One important question here is **False negatives vs False positives**? Is it worse to falsely suggest that something is fake, or is it worse to falsely suggest that something is genuine? Probably in this system a human might be paid to read those suspicious reviews. It would be good to catch all the fake reviews, plus some genuine ones, because this is just like filtering the huge number of reviews to make a human's job easier. In this case it is better to reduce false negatives. If humans are not reviewing the system, then this would be a different situation, it would probably be better to reduce false positives.

### Recall
Of all the fake reviews, what percentage were identified as fake? This is not subject to the imbalanced
classification problem. We aim to maximise it as an indication of how well we are really identifying our fake reviews. 

We cannot focus solely on recall, because we could identify all reviews as fake and achieve 100% recall. Precision must be included in the consideration.

### Precision
Of all the reviews identified as fake, what percentage are actually fake? If we classify all reviews as fake, then our precision will be low. If we classify all reviews as genuine, then we wont have any precision either.

In our case it might be more important to have a high recall, if we don't want to miss any fake reviews. Otherwise if we want to be as accurate as possible we can balance recall and precision.

### F1 Score
This is a harmonic mean of precision and recall. Because of this it punishes extreme values such as a recall of or a precision of 0.0

This also acts as a single number metric representing precision and recall.

### Area Under Curve (AUC) 
This gives us a measure of discrimination, how well we correctly classify both classes. This does not use a 'Yes' or 'No' which can make it more interesting than accuracy.

At different classification thresholds, how well do we predict fake reviews as 'more fake' than genuine reviews. We plot the true positive rate against the false positive rate to get a graph. Changing the threshold allows us to create a graph because at low thresholds we will have more fake reviews, increasing the true positives rate.
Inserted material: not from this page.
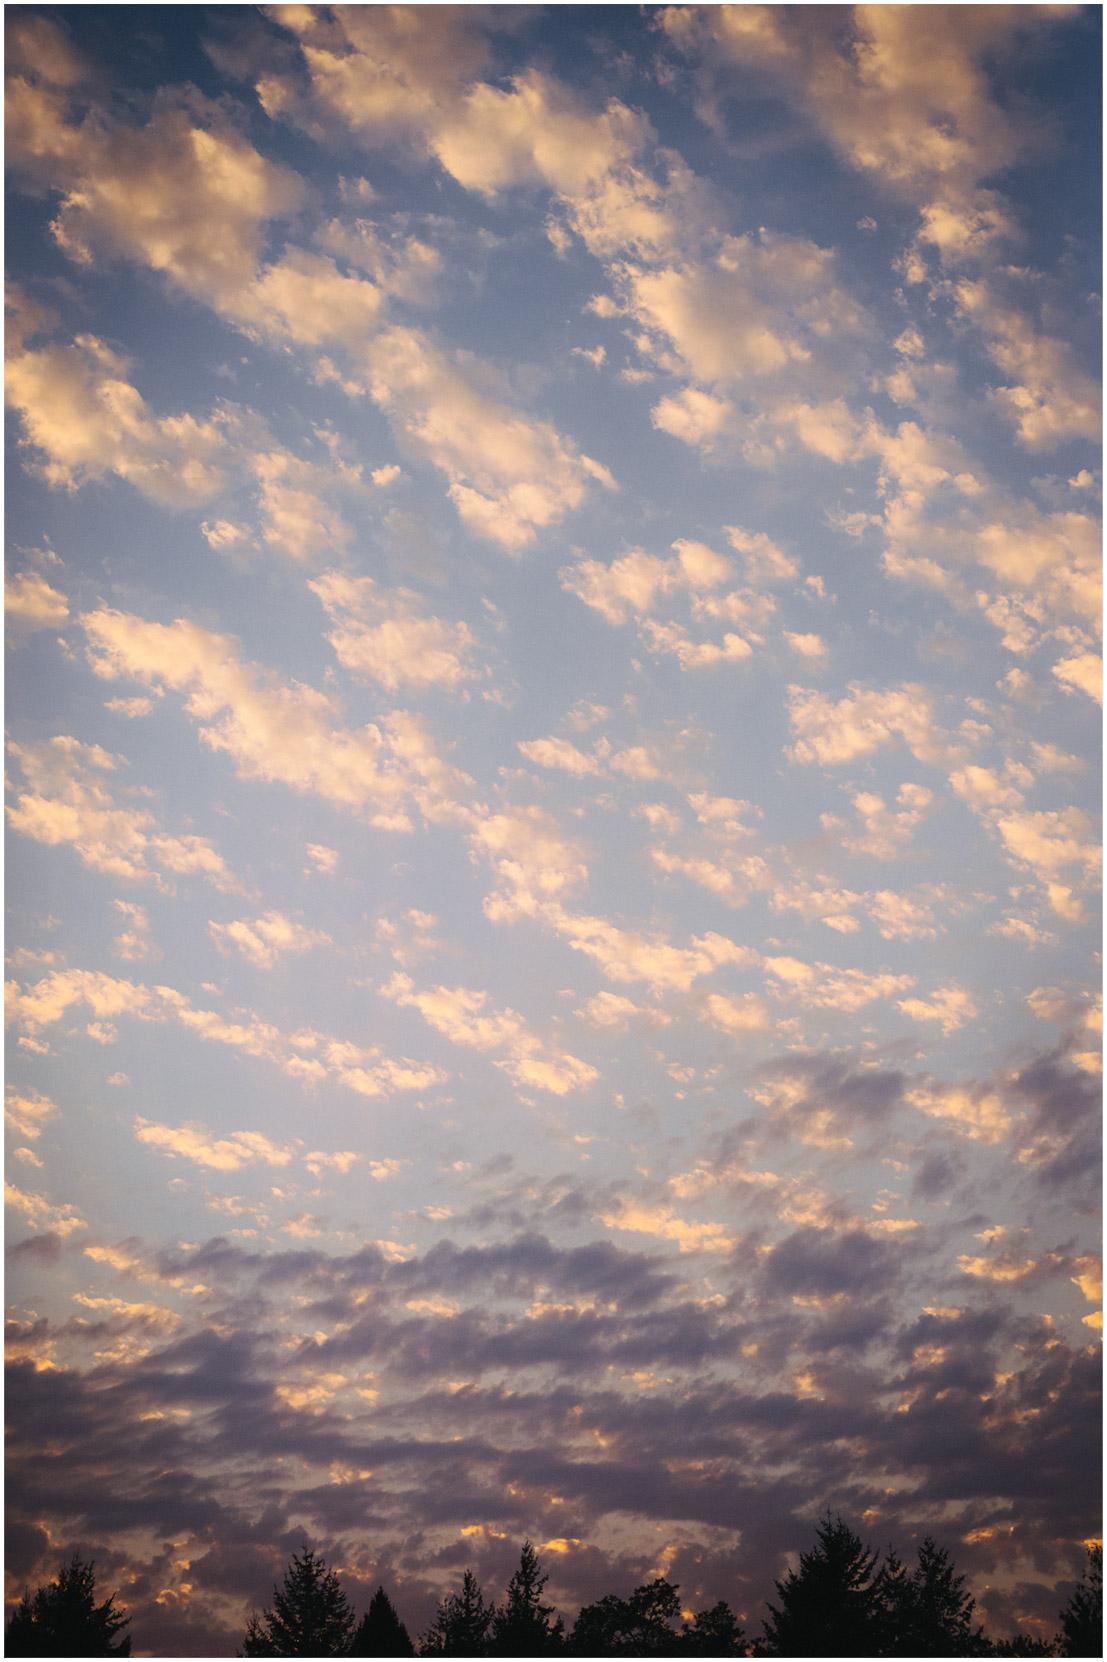 Corbin-at-the-CSA-Farm-September-21-2014-Clouds

Decreasing the treshold means we will have less genuine reviews, decreasing the true negative rate, which therefore increases the false positive rate.

An AUC of 0.8 means the chance of the model distinguishing positive and negative classes is 80%.

### Mean Squared Error
The average of the square difference between the original values and the predicted values. Adds focus to large errors, and is easier to compute than mean absolute error.
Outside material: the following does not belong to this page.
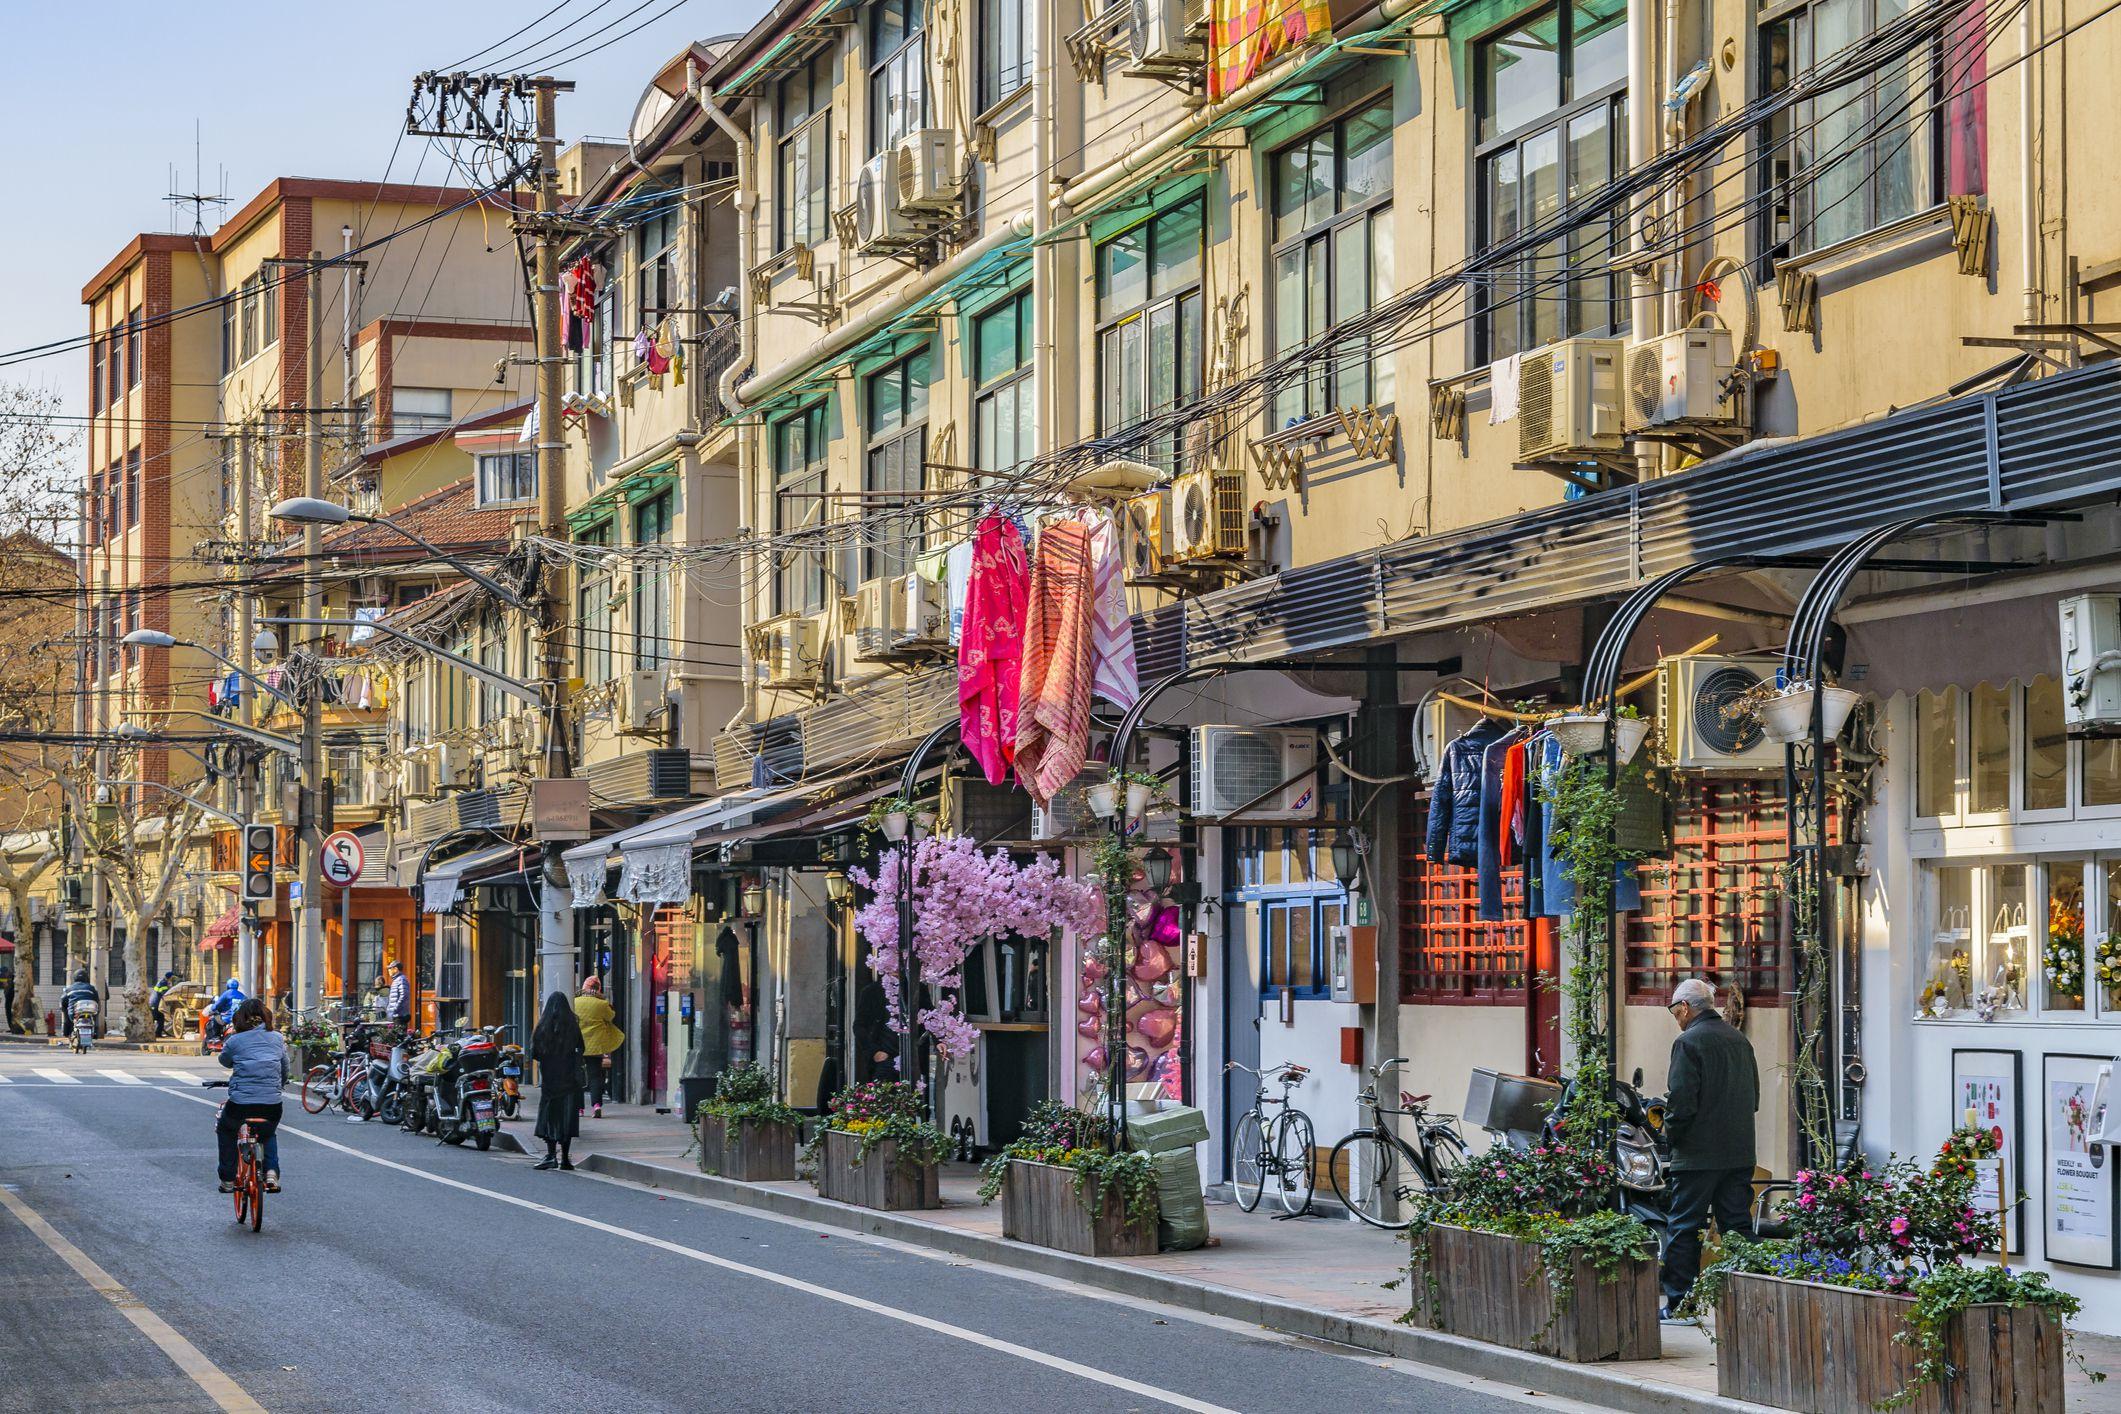 The Top 10 Neighborhoods to Explore in Shanghai

The closer the mean squared error is to zero the better. It incorporates the variance and the bias of the estimator

### Logarithmic loss
This takes into account the uncertainty of a prediction, taking into account how far away from the actual label the prediction is. As the probability approaches correct the log loss reduces only very little. As the probability approaches incorrect the log loss increases rapidly. This means that confident incorrect values are highly penalized.

We aim to minimize log loss.

### Cohen's Kappa
A reliability metric used when there is more than one classifier. Computes an agreement percentage of the used classifiers. It is out of scope at this stage.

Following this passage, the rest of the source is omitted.